- Silver Leaf Sunflower A digital illustration by Lachlan Herrick.
Philadelphia native Lachlan Herrick can't remember a time before she started making art. "I was very lucky to have been born to two artists," she says. "I have no idea when I first picked it up, I just always had some type of art utensil in my hand. And it was absolutely my choice; I've always thrived on it."
The self-described "visual storyteller with a penchant for mythology and all things mysterious" graduated just last year from Savannah College of Art and Design and had just returned to her home city when she got the news that she'd been commissioned to participate in the Hudson Valley Seed Company's 2020 Art Pack program.
HVSC got its start in 2004 as an heirloom seed exchange program organized by Gardiner librarian Ken Greene that proved enormously popular and quickly became the center of a discourse around local food, community health, culture and history. In 2008, Greene and his partner Doug Muller took the seed library into cyberspace and the response was phenomenal, leading them to found the company in 2009 and invite 14 artists, all friends of theirs, to illustrate 14 seed packs. The company is now firmly established on a five-acre organic farm in Accord, and the Art Pack program puts out an open call each year inviting artists to tell the story of a seed variety.
Herrick, always intrigued by the plant kingdom, was a wannabe gardener when she'd first discovered the Hudson Valley Seed Company at a Philly garden expo." I immediately gravitated to those seed packs, that merging of art and gardening," she says. "As an illustrator, I was moved by the whole concept. I immediately knew I wanted to get involved. The first one I did was 'Clear Dawn Onion' for an heirloom show. I mean, even the names are so evocative. Clear Dawn Onion. Dragon Carrot. Little Gem Lettuce. You want to tell those stories. They're just too cute, they demand to be illustrated."

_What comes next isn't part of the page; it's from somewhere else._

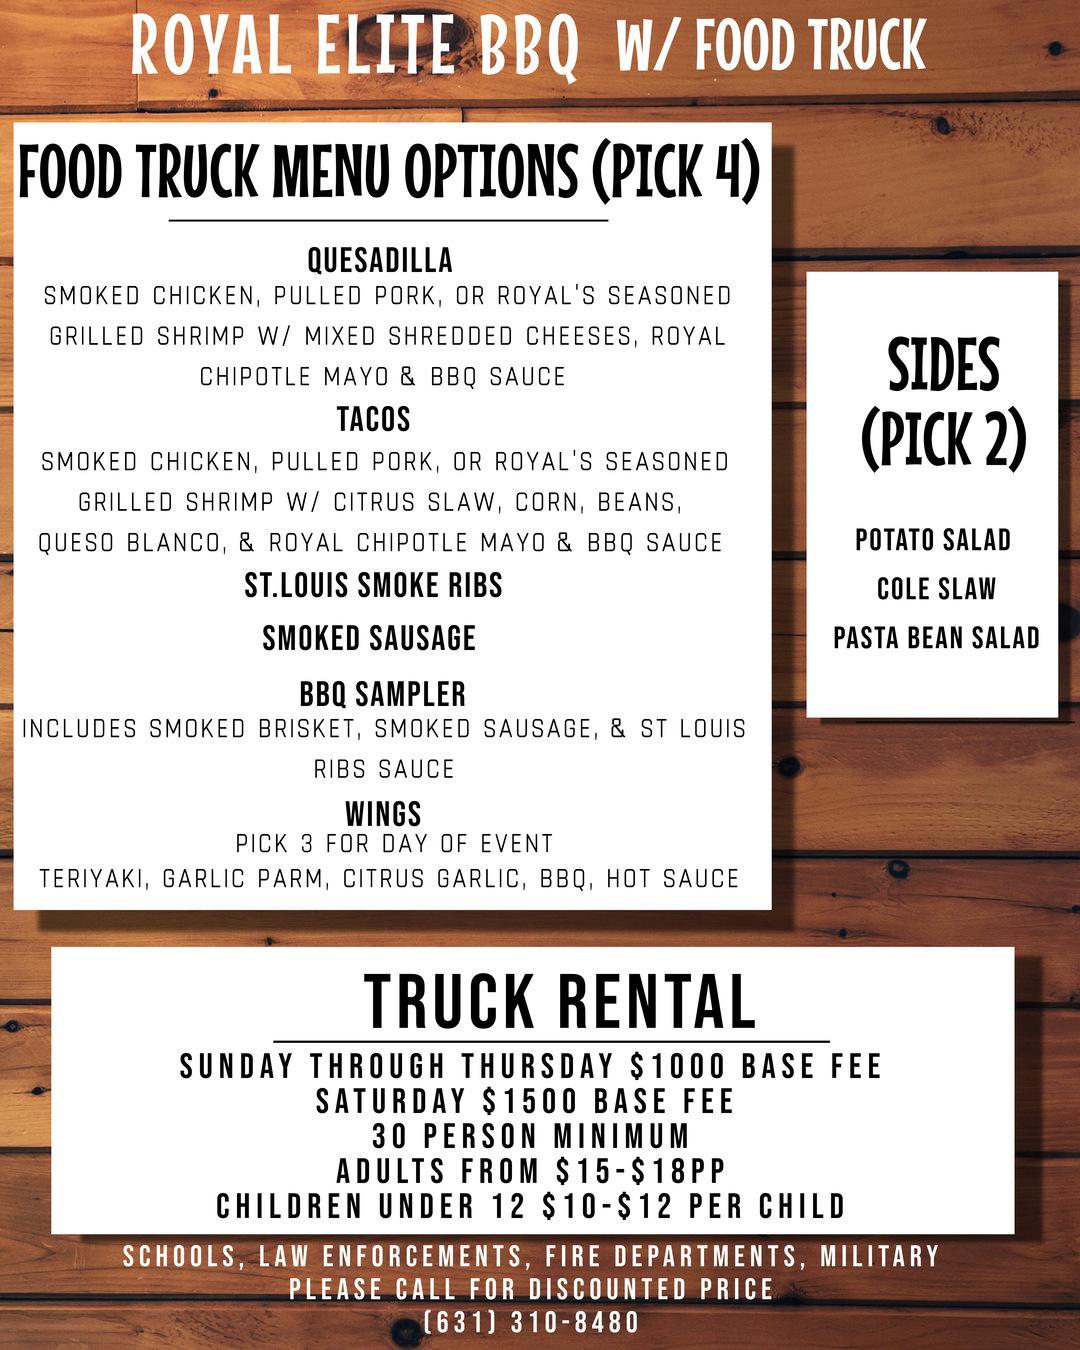 Royal Elite Full Service Food Truck Catering Menu.jpg

It wasn't the first time she'd been drawn to draw plants. In summer 2015, as a volunteer farmhand and English teacher in Ibaraki, Japan, she discovered a growing affinity. "That was really my first time living with a garden, and I felt compelled to draw all the plants," she says. "There were things we don't have back home. I was enamored with all of it. Drawing plants is so methodical and focused, so up close and personal."
Silver Leaf Sunflower, with its complementary tones evoking precious-metal colors in a living, organic context, gave Herrick the opportunity to play with light in a way she loves to do. "The guidance they offered was perfect," she says. "They said 'We see that you work with light as an aspect of emotion. We'd like to see the light on the leaves and flowers.' It was my choice to do it from behind—I love the bluish-purplish shadows. It's almost that golden-hour quality of light. When we see things at that peak beauty, we see what they really are."